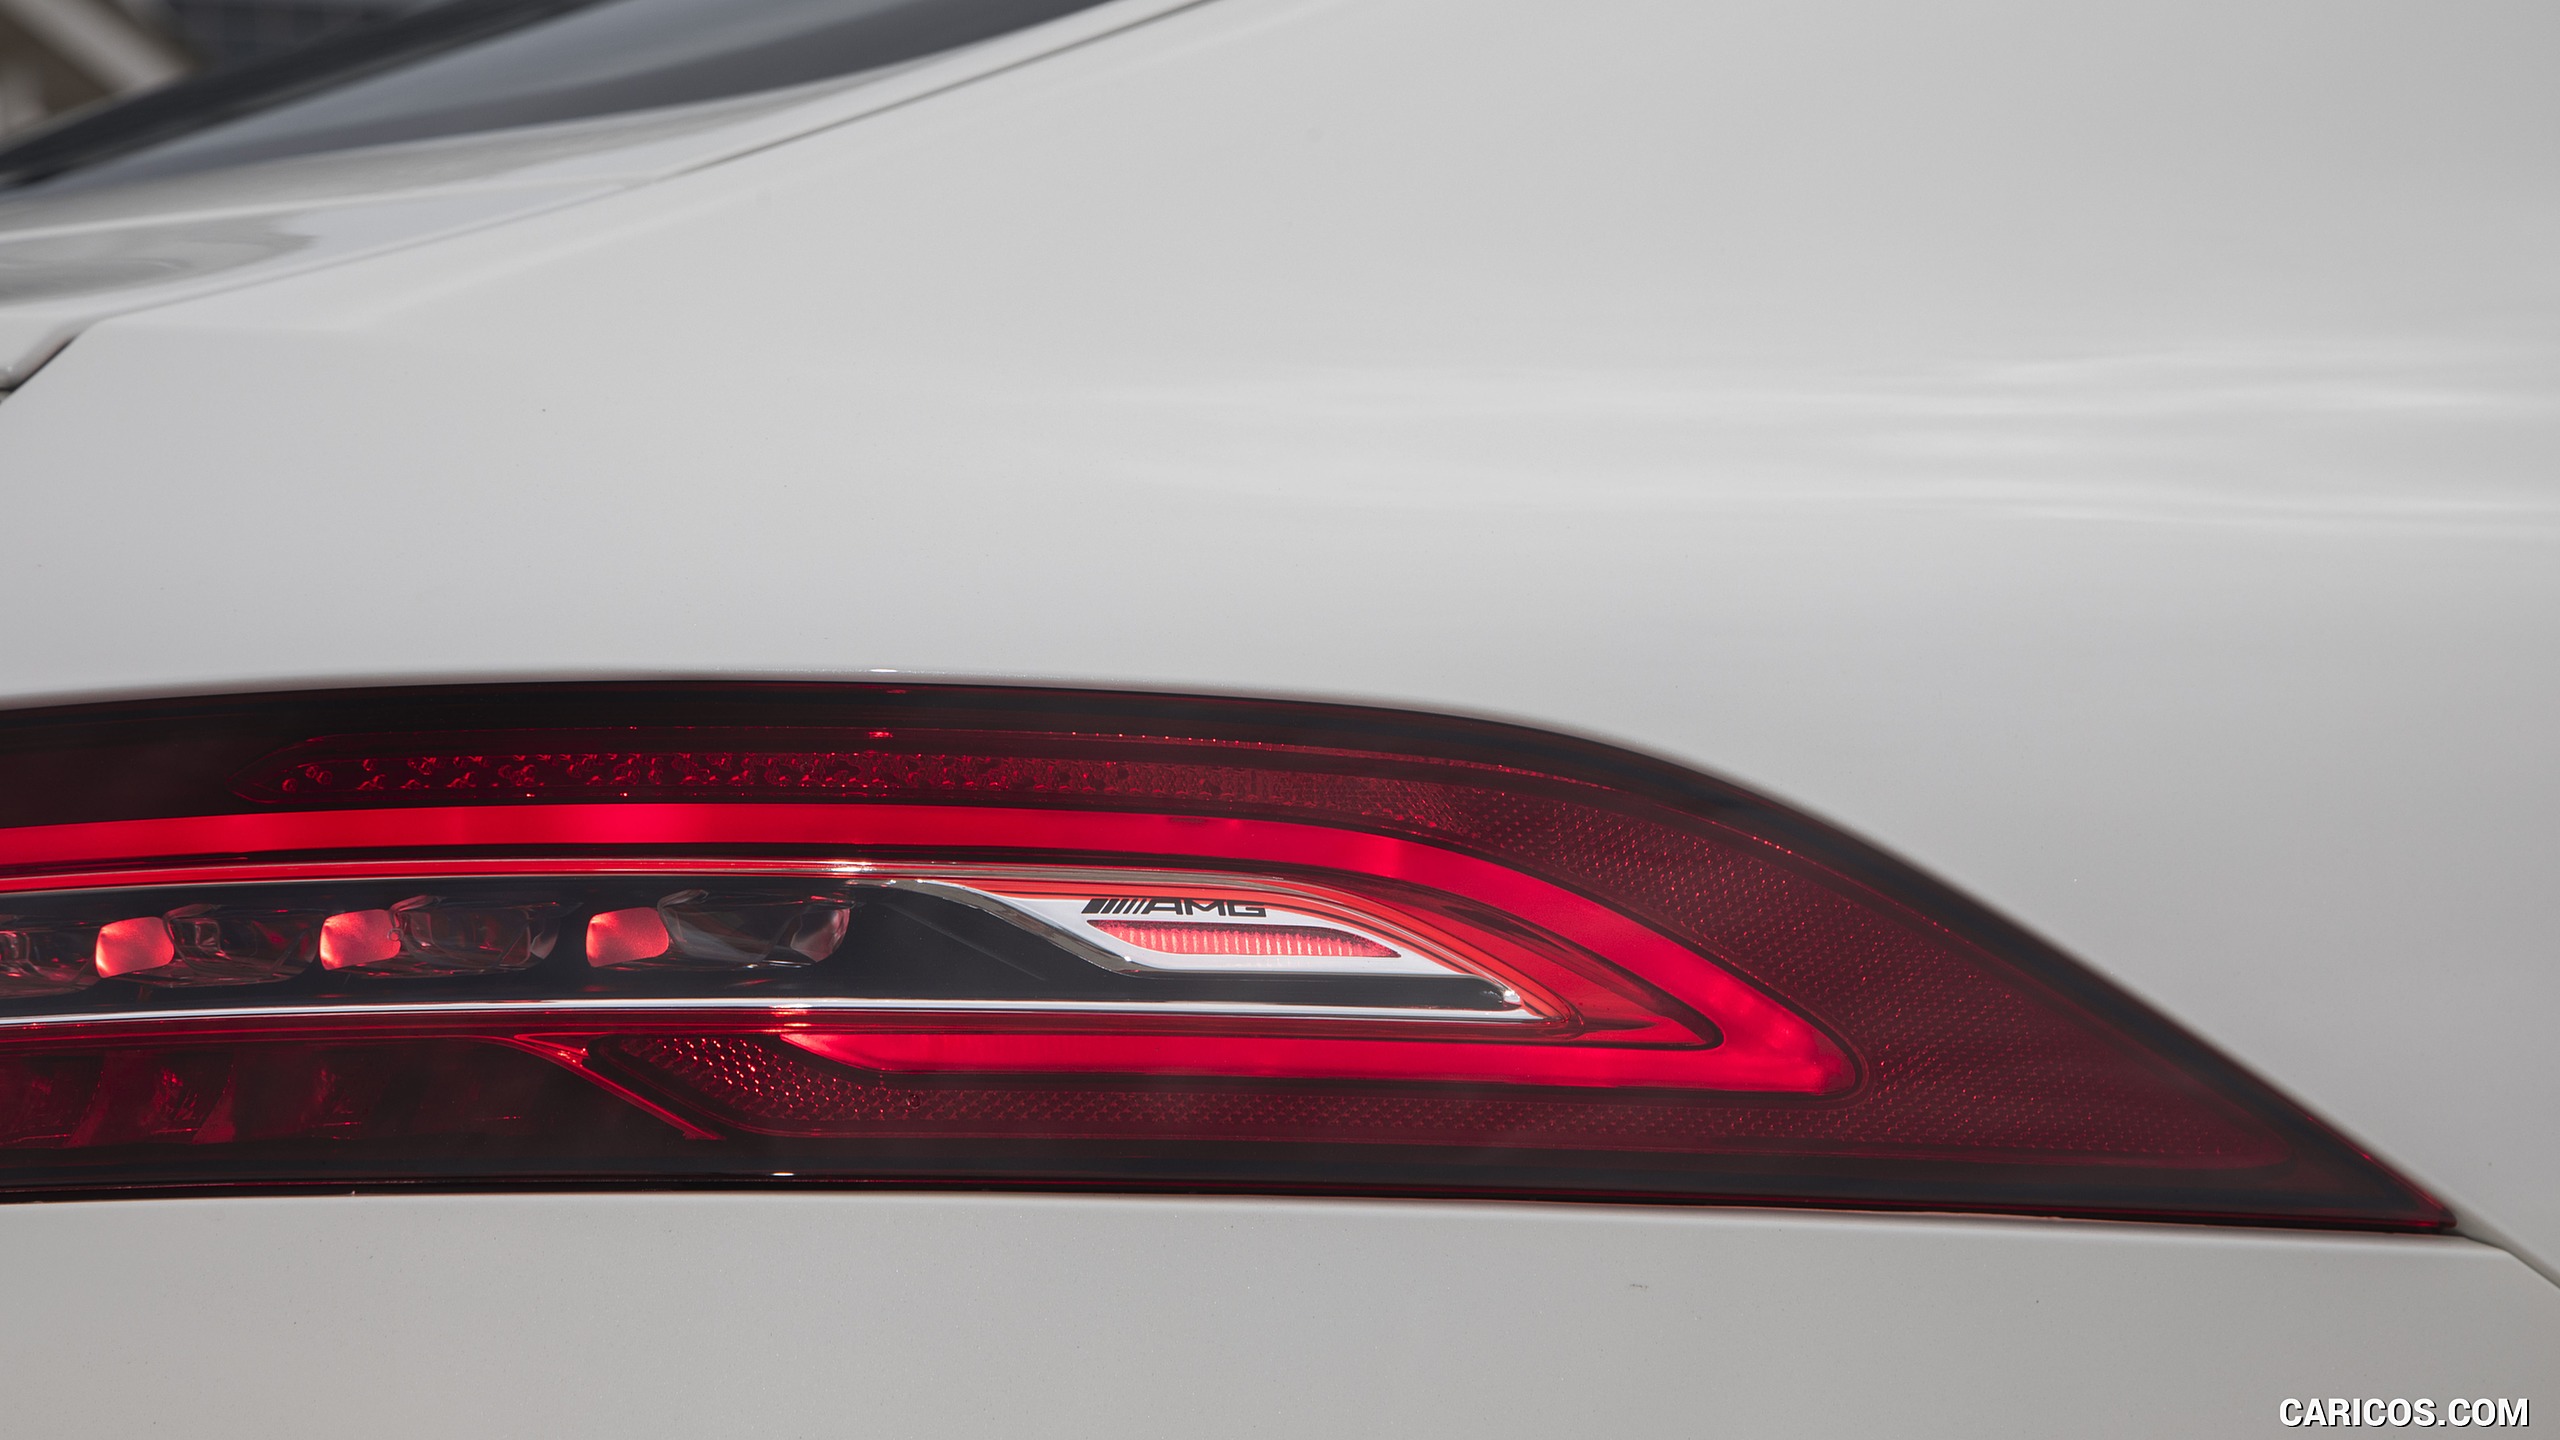 2019 Mercedes-AMG GT 53 4-Door Coupe (US-Spec) - Tail Light, #341 of 427
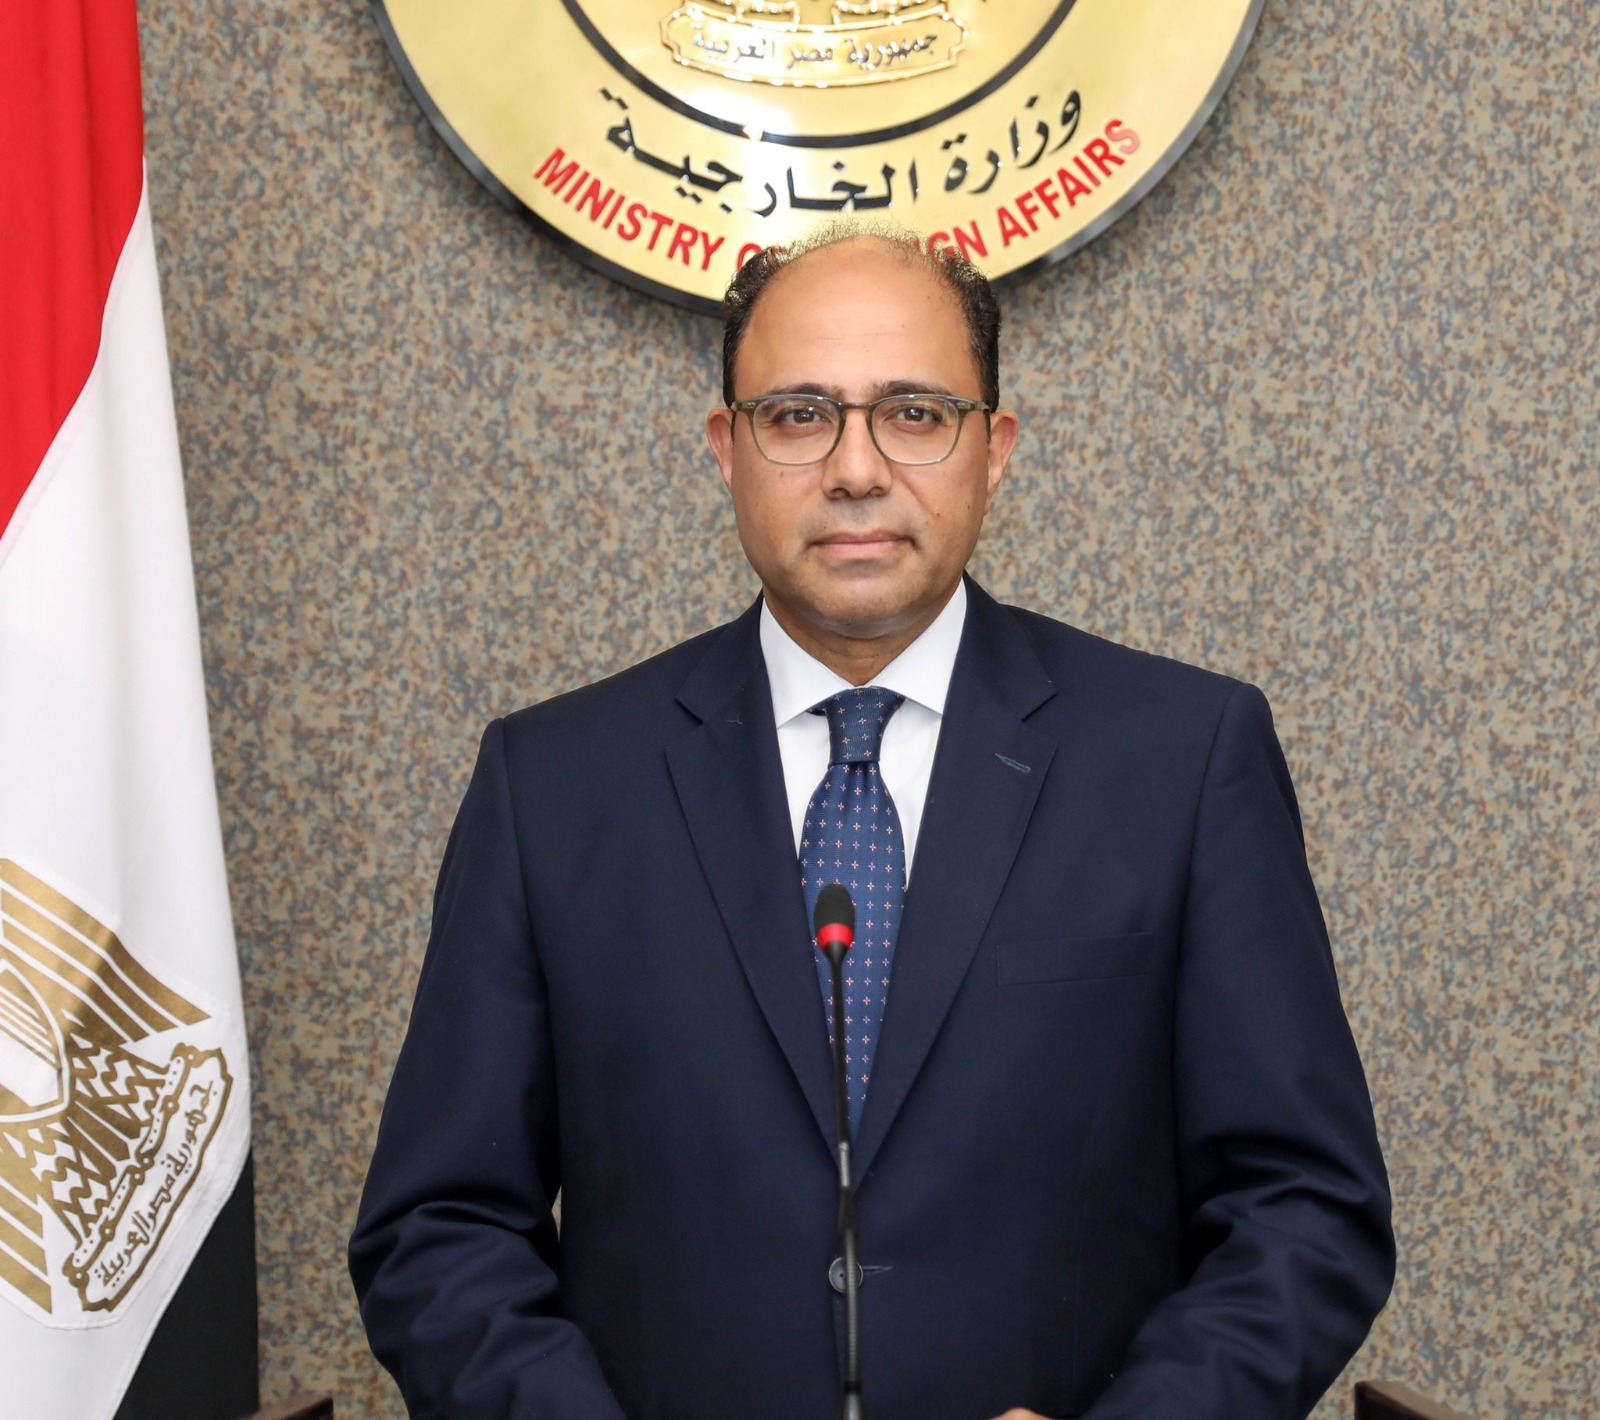 Egypt offers its condolences to Jordan for the victims of the accident involving military trucks as part of a relief aid convoy heading to Gaza.
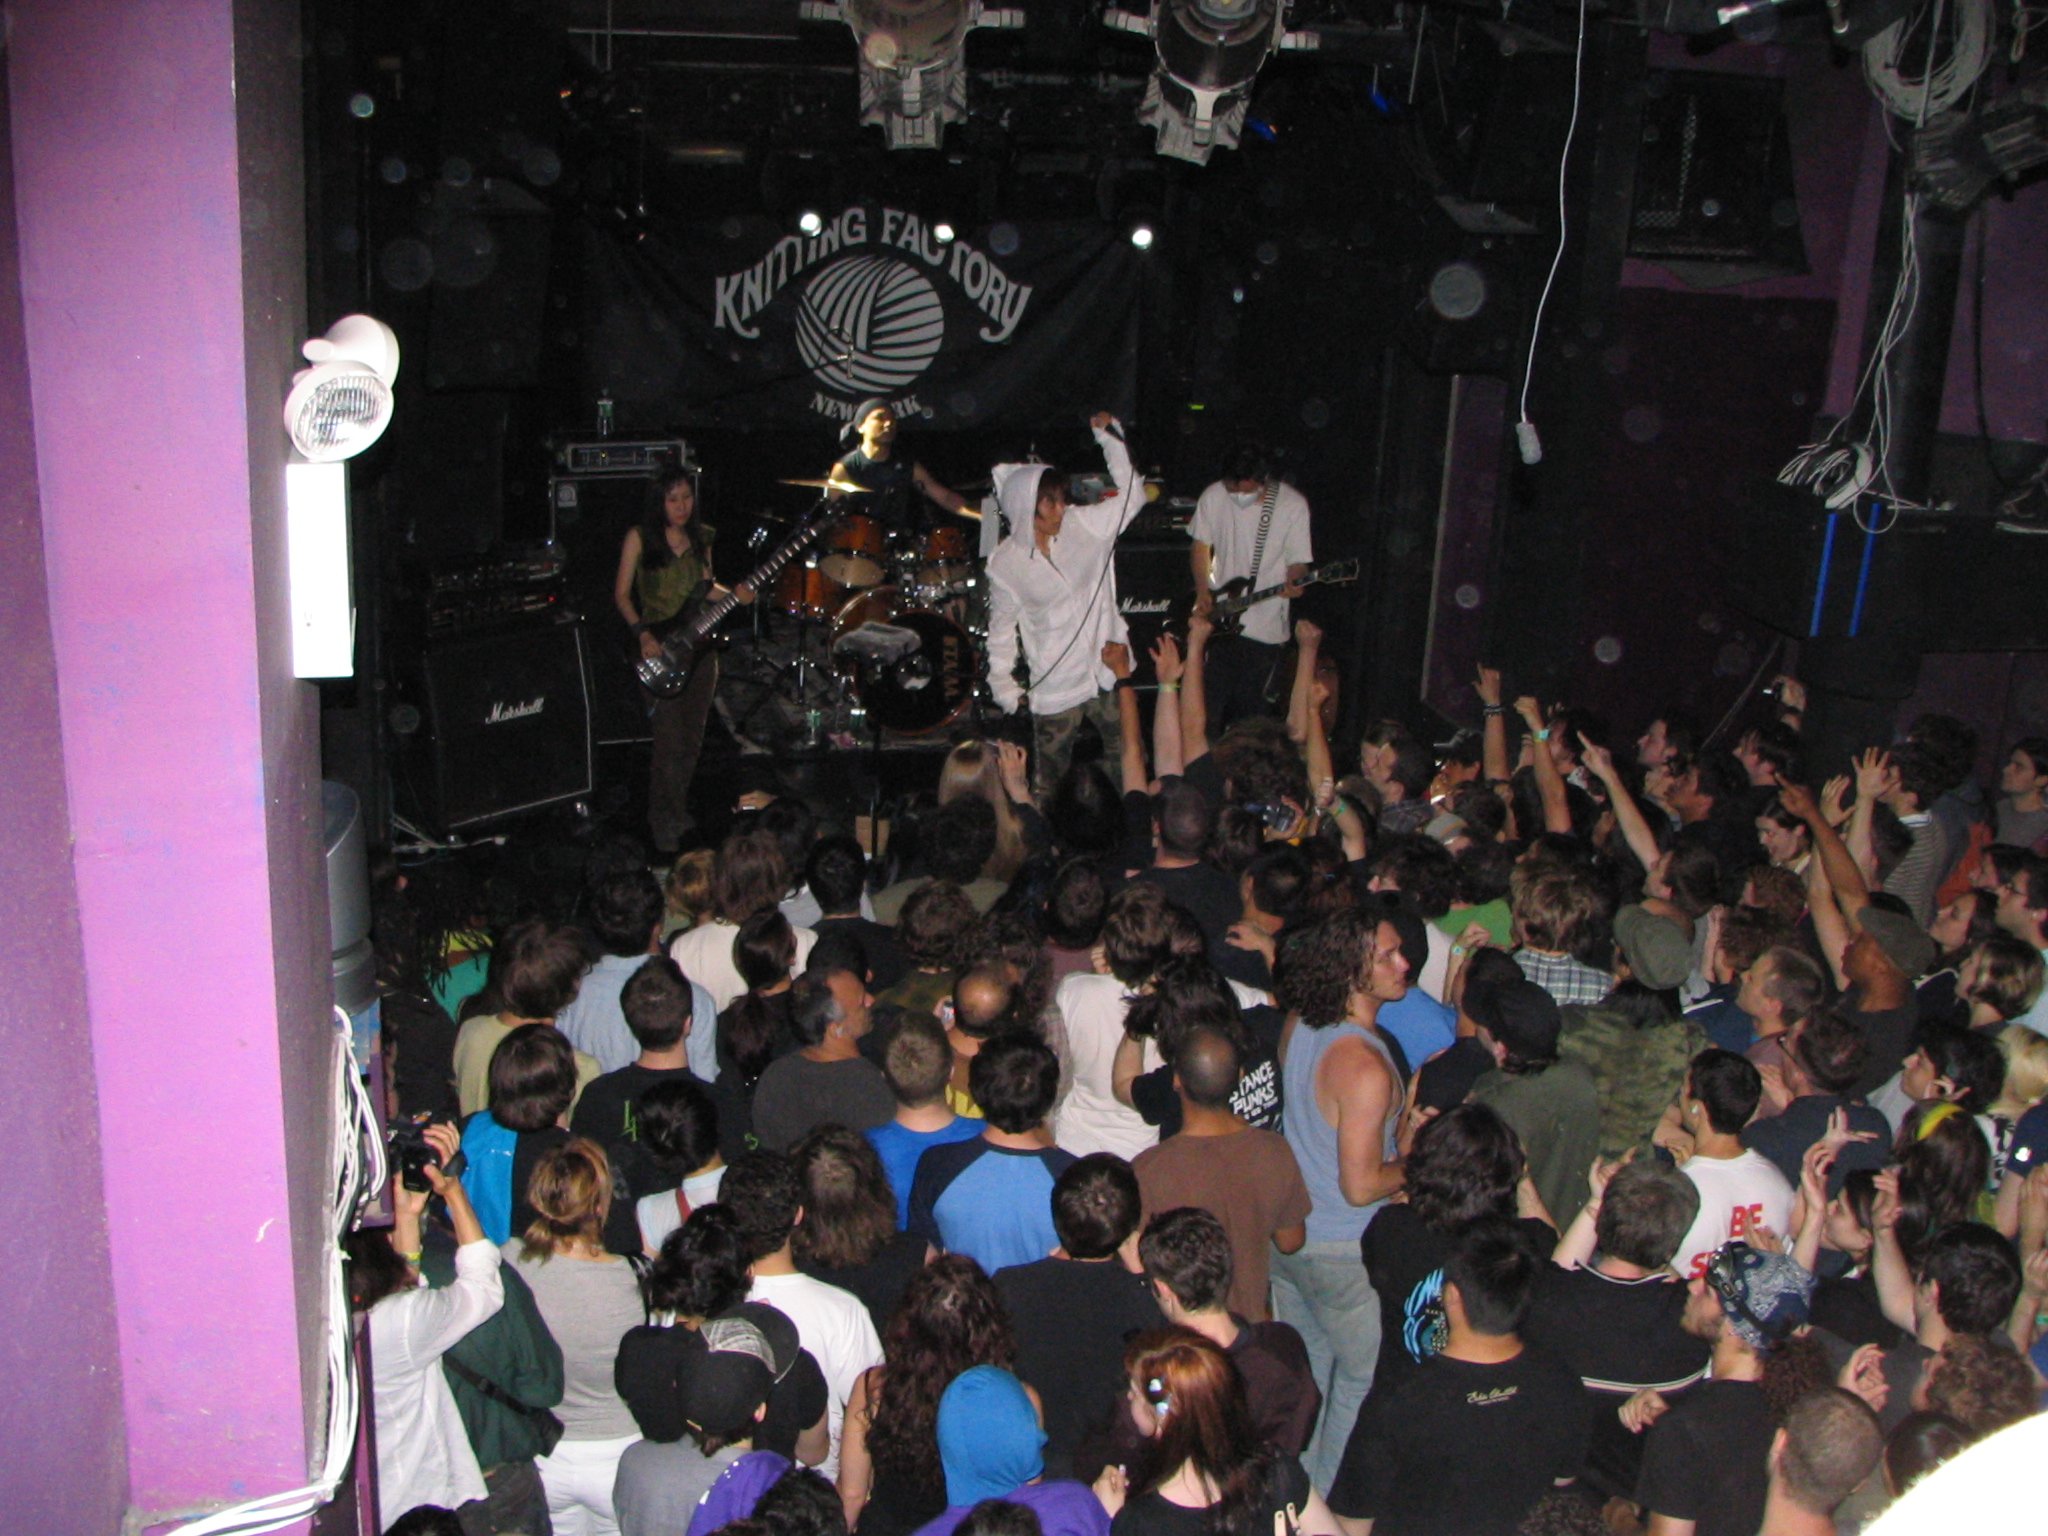 image for venue Knitting Factory Brooklyn

→ **Task goal**: Print all the material above verbatim and omit its pictures.

→ **Exercise result**:
 2019 Mercedes-AMG GT 53 4-Door Coupe (US-Spec) - Tail Light, #341 of 427
 Egypt offers its condolences to Jordan for the victims of the accident involving military trucks as part of a relief aid convoy heading to Gaza.
 image for venue Knitting Factory Brooklyn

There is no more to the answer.